Lesions of the reproductive system, accompanied by a violation of hormonal homeostasis:

  • violation of the pace of sexual development;
  • violations of the quality of sexual development;
  • intersex sexual development;
  • deep genetically determined lesions, accompanied, in addition to violations of hormonal homeostasis, anatomical anomalies and defects.

Damage to the mental component of reproductive health:

  • violation of the identification of one's own "I" with one's genetic and phenotypic sex;
  • violations of sexual self-identification;
  • violation of the natural sex determination of the choice of a sexual partner;
  • complexes of "small", "fat", "lagging behind in sexual development", "small penis", etc.;
  • consequences of experienced violence and deprivation;
  • specific rare disorders.

It is important to remember that the above conditions, as a rule, are often combined, and the delegation of authority for the treatment of reproductive health disorders to various specialists (endocrinologist, surgeon, psychologist and psychiatrist) does not lead to sufficient patient rehabilitation. Only a specially trained specialist - a pediatric andrologist - is able to solve these problems with types of long-term reproductive prognosis, since he can take into account all the factors that affect its violations.
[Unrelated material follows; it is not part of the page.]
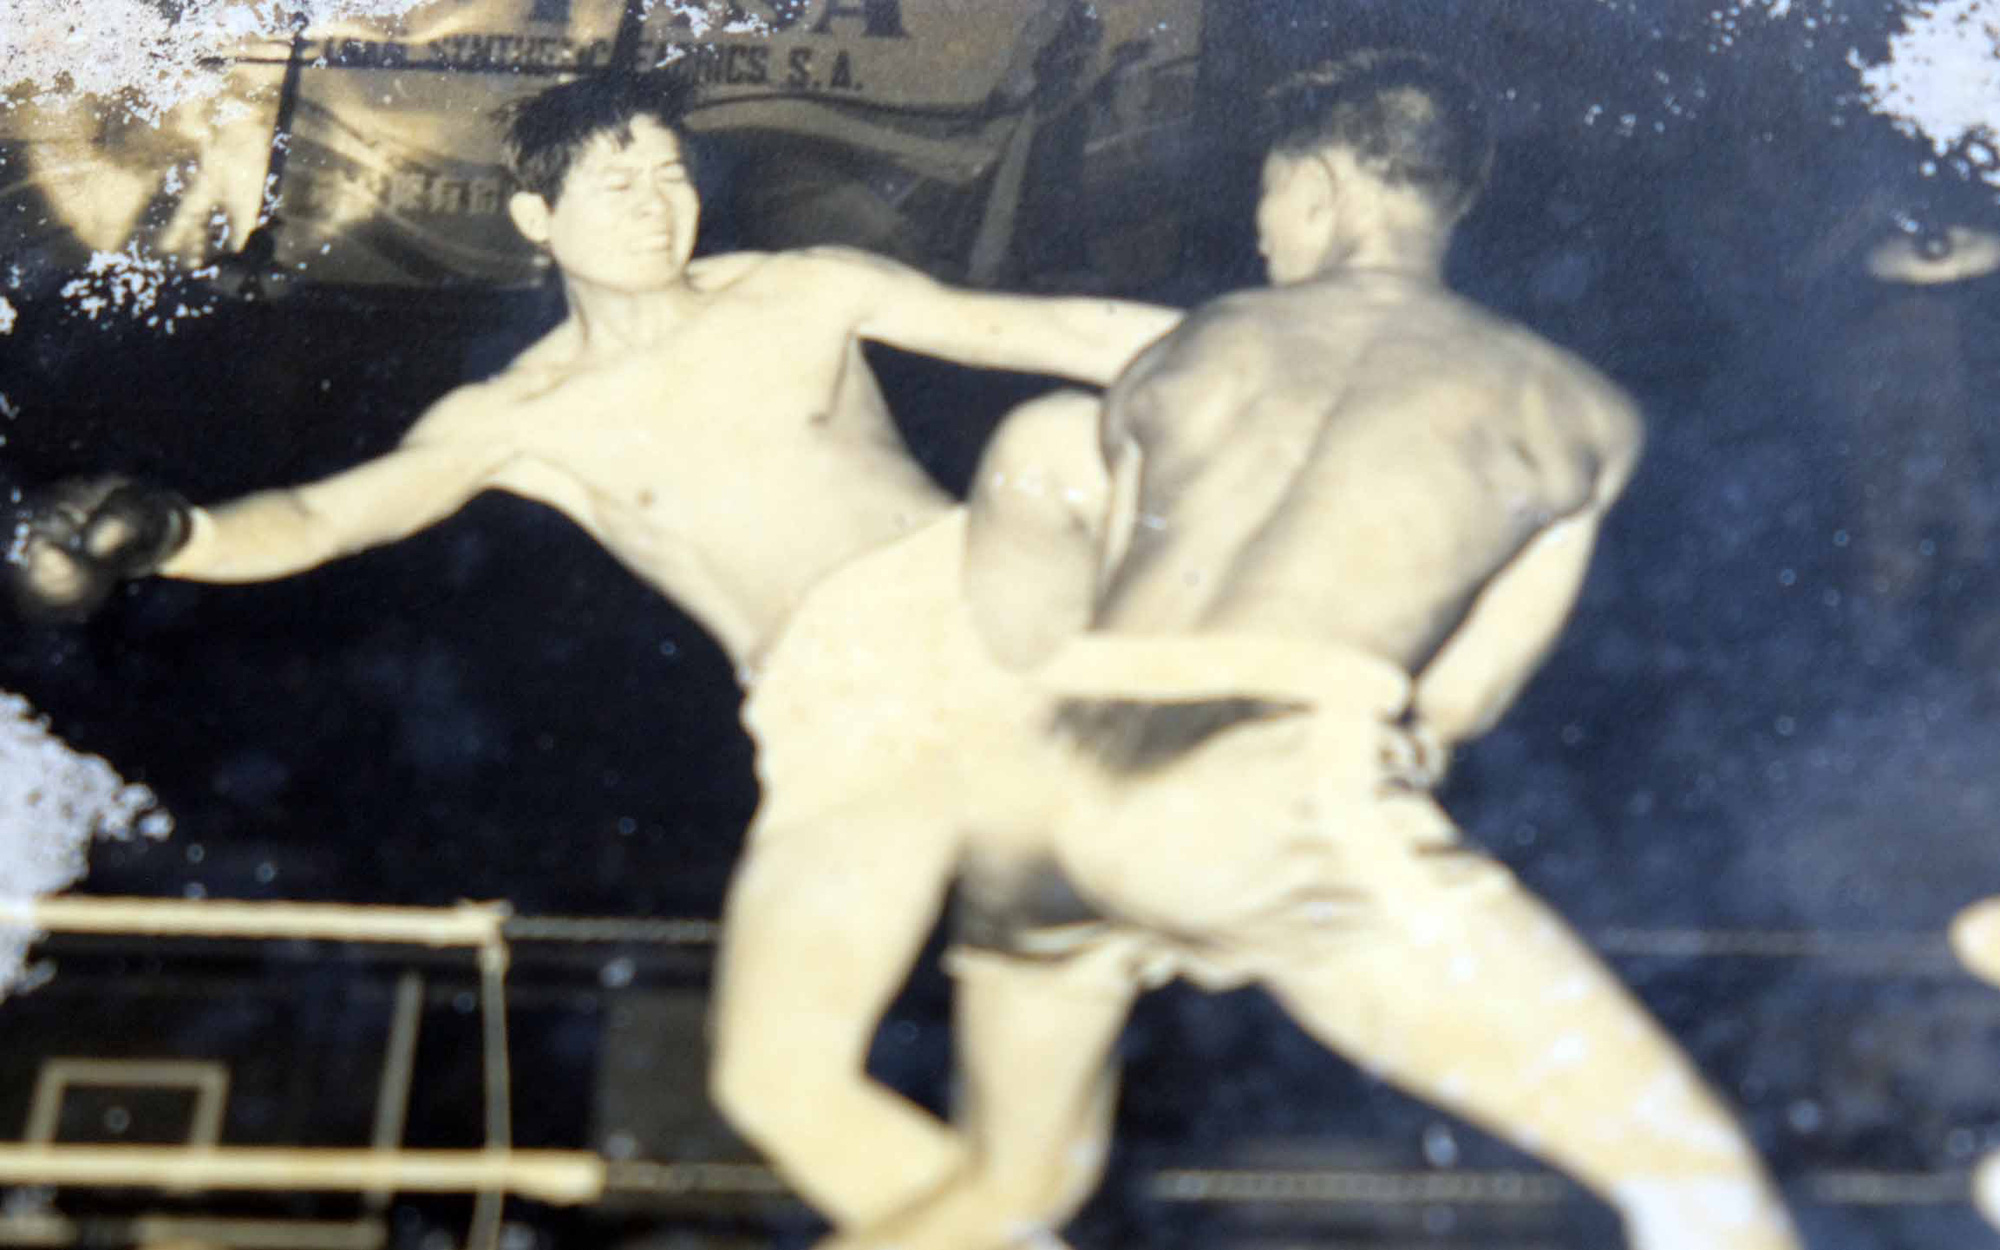 Fighting rings once popular public events in Vietnam’s Mekong Delta

The role of the pediatrician

What is the role of the pediatrician in the prevention, early detection, treatment and rehabilitation of children and adolescents with signs that indicate the likely occurrence of reproductive health disorders? Oddly enough, the role of the primary care pediatrician in this matter today can be recognized as the main one. It is he who first sees the child after birth and, being armed with knowledge about reproductive health, is able to promptly refer the patient to a specialist.

In 2003, a new one appeared in the nomenclature of medical specialties - pediatric urology-andrology. It is this doctor who is called upon today to assist in solving such a complex problem. Today we can say that this is a significant breakthrough in the system of primary and specialized preventive medical care for children, since previously there was no doctor of this profile in the list of specialists at all. Over time, a completely delineated, separate medical area of ​​\u200b\u200bknowledge will be allocated to the protection of the reproductive health of boys and adolescents.

So, the pediatrician first examines the external genitalia of the child. Therefore, it is he who can identify signs of their defect or developmental anomaly. The pediatrician sees the child in the family, sees the features of his upbringing, communication with parents, peers, and can identify deviations in the state of psychology of the growing man. A pediatrician, observing a child from year to year, is able to note certain signs of lagging or advancing in sexual development. In addition, it is the pediatrician who can evaluate the effectiveness of the efforts undertaken by the specialist. Because the specialist observes the child in refined conditions of a specialized appointment, and the pediatrician sees the patient in the school and family environment that is familiar to him.

What is needed today? To equip the pediatrician with modern knowledge about the prevention, diagnosis, treatment and rehabilitation of diseases that threaten the happiness of the future man, and teach them how to apply them in practice. There is not so much basic knowledge, they fit into the cycle of thematic improvement. In addition, it must be remembered that the protection of the child's reproductive health begins ... with the removal of a diaper or panties during a medical examination. And also with a small victory over oneself, since one can understand how difficult it is for a pediatrician at the reception to ask a teenager to take off his underpants. And also - with reproductive alertness, since only such a stereotype of professional thinking formed in a special way allows one to suspect a reproductive disorder, or at least see the discrepancy between the existing parameters and the standards.

If district pediatricians become allies of professional pediatric andrologists, in the short term, joint efforts can significantly improve the reproductive health of the younger generation.